The five-minute ordeal ended as quickly as it had begun. Phu and his friends jumped into their SUVs, flashed their gang signs and yelled “V Boys!” (Police work is perhaps easier when criminals identify themselves as they flee.)

“As soon as they finished the beating, they yelled their gang name so the victim and witnesses would know who not to mess with,” said Bryan. “They were enhancing their reputation for violence.”

At trial, veteran defense attorney Thomas Avdeef conceded the punch but denied that the girl had been kicked. He also offered an excuse.

“She started the argument,” said Avdeef. “Sure, he hit her with his fist, but the prosecution would have you believe she’s clean, pure white. Remember, she’d been drinking . . . Her credibility is questionable.”

But Avdeef saved his most strenuous attack for Westminster Police Detective T. Walker, an Asian gang expert who told jurors about Phu’s ties to the V Boys. The allegation was key because the prosecutor had also charged him with being an active participant in a criminal street gang, a felony separate from the assault charges.

“What Walker says is gospel?” Avdeef questioned. “There’s nobody who challenges him. He could come in here and name any of us as a gang member and we’d have to defend it. Is that reasonable?”

Jingling coins in his pants pockets, the feisty silver-haired defense lawyer with a New York accent insisted that Phu had been “jumped out” of the gang years ago, had informed cops of his exit and that Walker had exaggerated the crime with “garage sale evidence” in hopes of proving otherwise.

“[Walker] is a gang detective who wants to build a gang case,” said Avdeef, who called the assertion that Phu had yelled “V Boys!” at the crime scene “imaginary.”

He added, “Why would they have yelled the gang’s name if there weren’t any gang members there? It doesn’t make sense. . . . Once a gang member, according to Walker, always a gang member.”

Avdeef, a former prosecutor, also asserted that V Boys wasn’t even a criminal street gang. Backing him up in court was Glend Padua (a.k.a. “The Cripster”), a self-proclaimed ex-member of the Asian Boys, a Little Saigon gang closely allied with V Boys. Padua testified that he joined the gang when he was 16 years old “just to be part of a group.” During his four-year stint with Asian Boys, he’d never heard of them committing a single crime, he said.

“We’d just hang out, you know, go out,” Padua testified. “We’re just a group of friends. . . . We’d fight to defend ourselves but we didn’t go out looking for trouble.”

This witness also claimed that he’d watched Phu being “jumped out” of the V Boys in December 2000—six years before the assault on the girl.

“They [the remaining gang members] beat you for as long as they want to show you you made a mistake [by leaving],” Padua explained to Avdeef’s questions. “It’s a ritual. You get out so you have no allegiance to them and you can go on your merry way.”

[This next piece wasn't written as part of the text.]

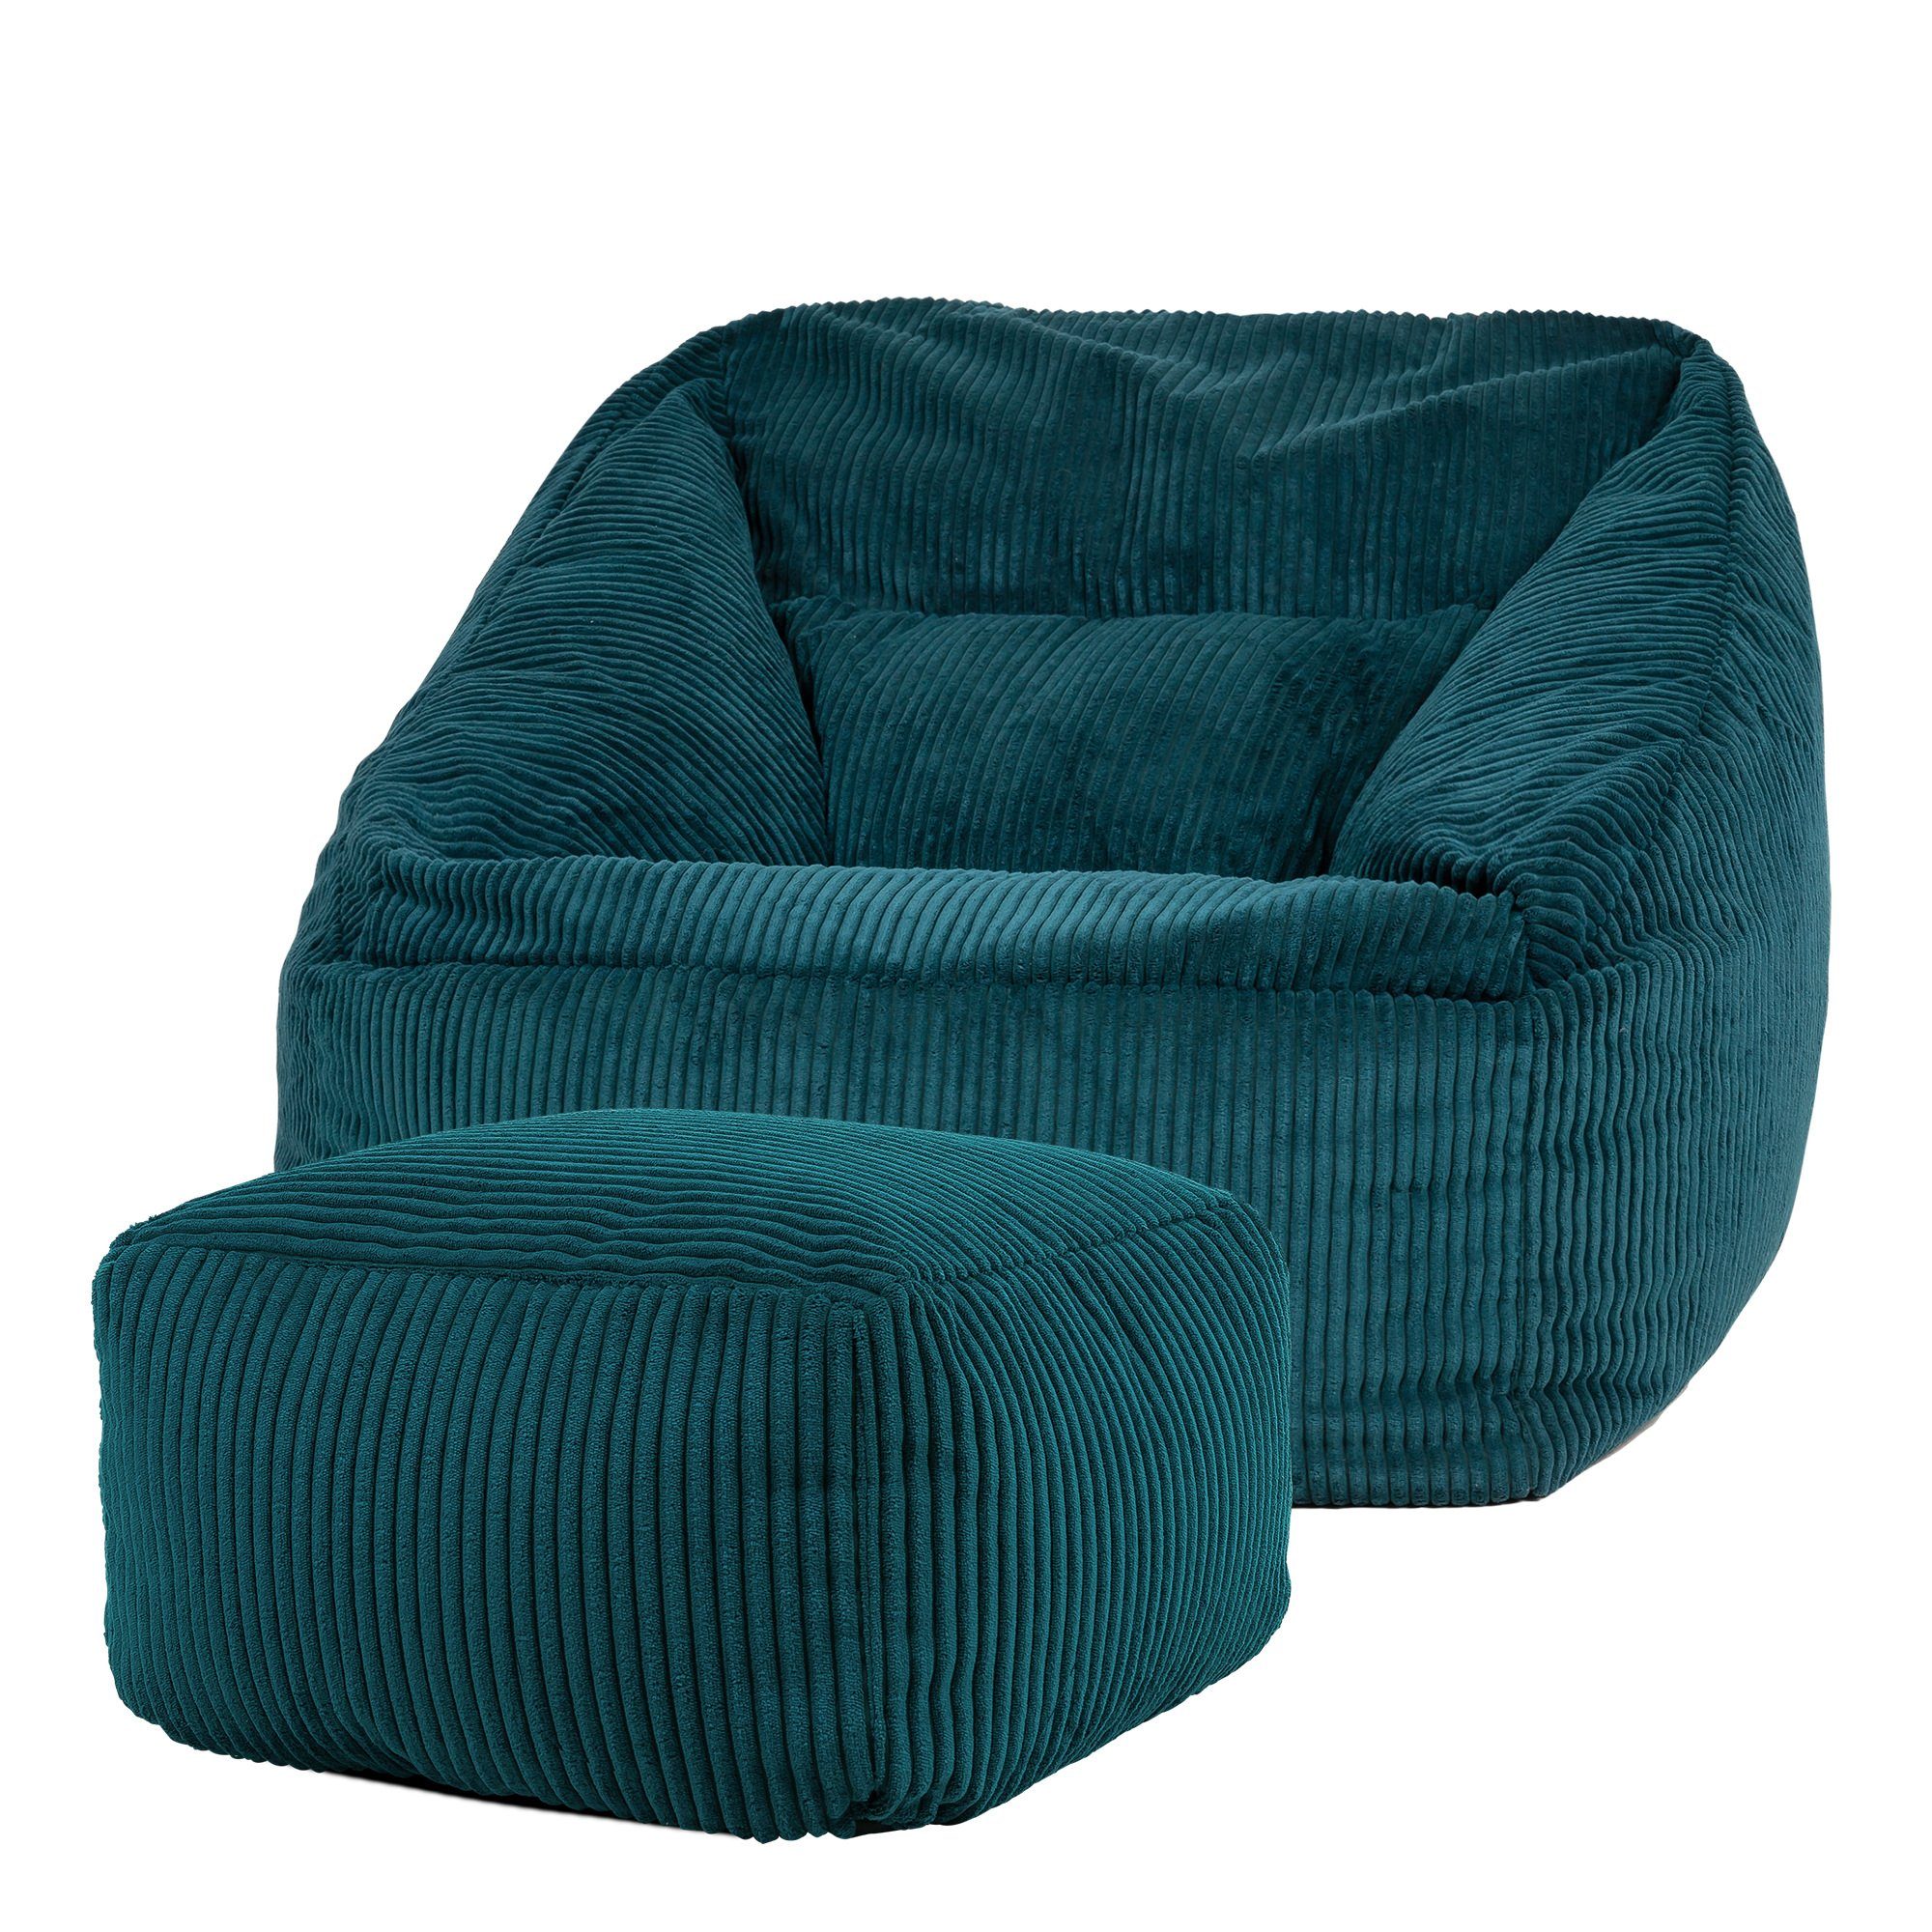 Riesen Sessel icon blaugrün Sitzpouf Cord Sitzsack Sitzsack „Morgan“ mit aus
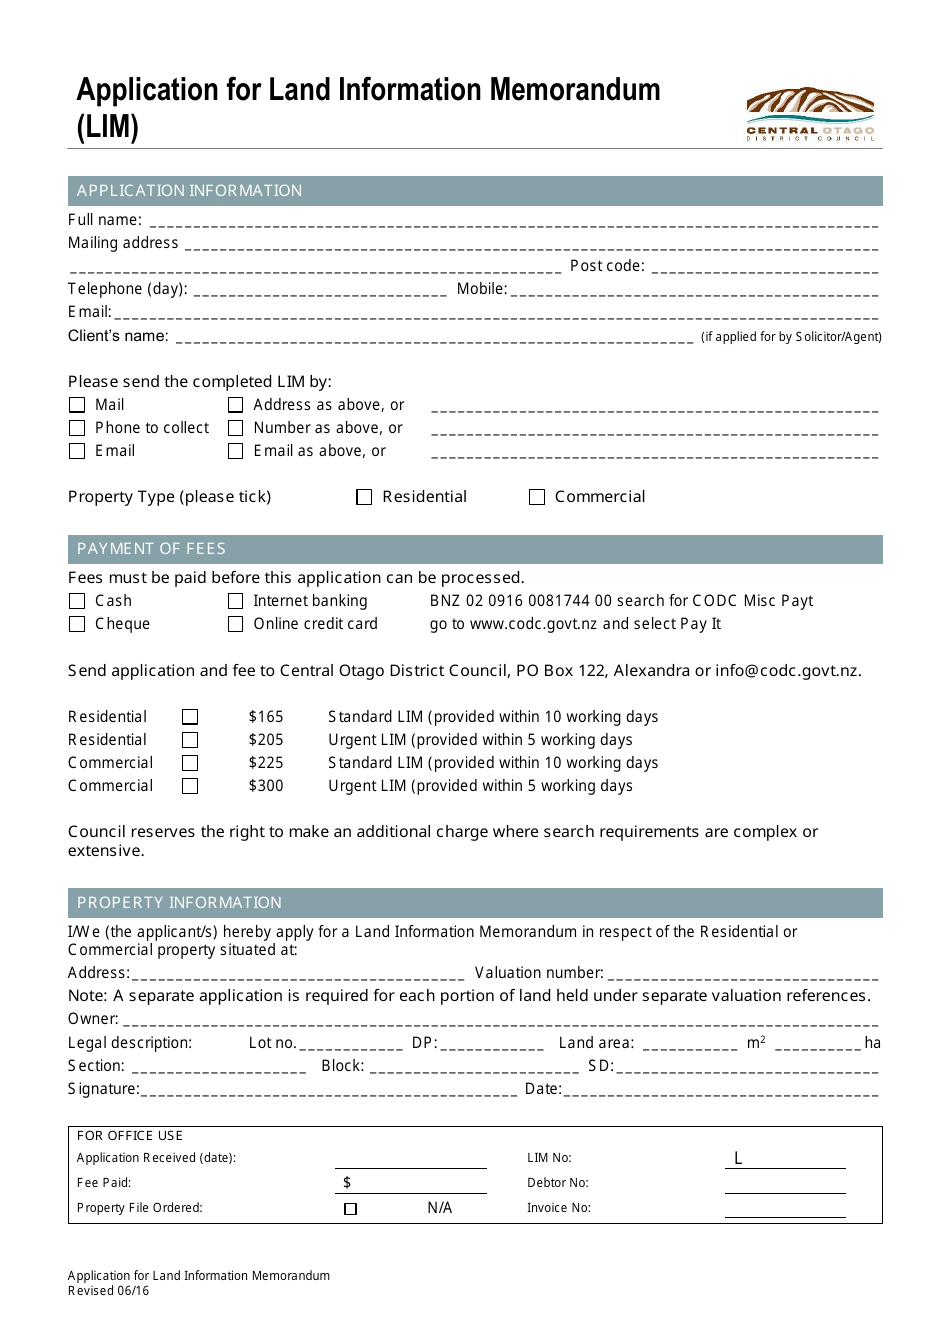 Application for Land Information Memorandum (Lim) - Otago, New Zealand, Page 1

The prosecutor ridiculed Padua’s testimony and derided the attack on Walker but said he understood its motive. The detective’s work had placed Phu at a July 31, 2005, V Boys shooting at a Westminster restaurant. Moreover, he’d put Phu under surveillance for a month after the 2006 assault on the girl and found him living at a V Boys “crash pad” on McClure Avenue in Westminster. When Walker conducted a search there, he found several Dallas Cowboys number 22 jerseys pinned to walls, photos of gang members flashing hand signs and a memento celebrating the life of a dead V Boy.

Said Bryan in his closing argument, “Is that how you’d expect to find Phu living if he’d really given up that life?”

On Jan. 23—after less than two hours of deliberations—the jury convicted Phu of committing aggravated assault with a deadly weapon (his foot) and for participating in a gang. (They voted not guilty on a second assault charge because police were unable to find the injured Latino who’d rescued the victim.) The bailiff immediately slapped handcuffs on Phu and sent him to the Orange County Jail. Superior Court Judge Daniel Didier is scheduled to announce punishment on March 9. For five minutes of stupidity, Phu faces as much as four years in a California prison.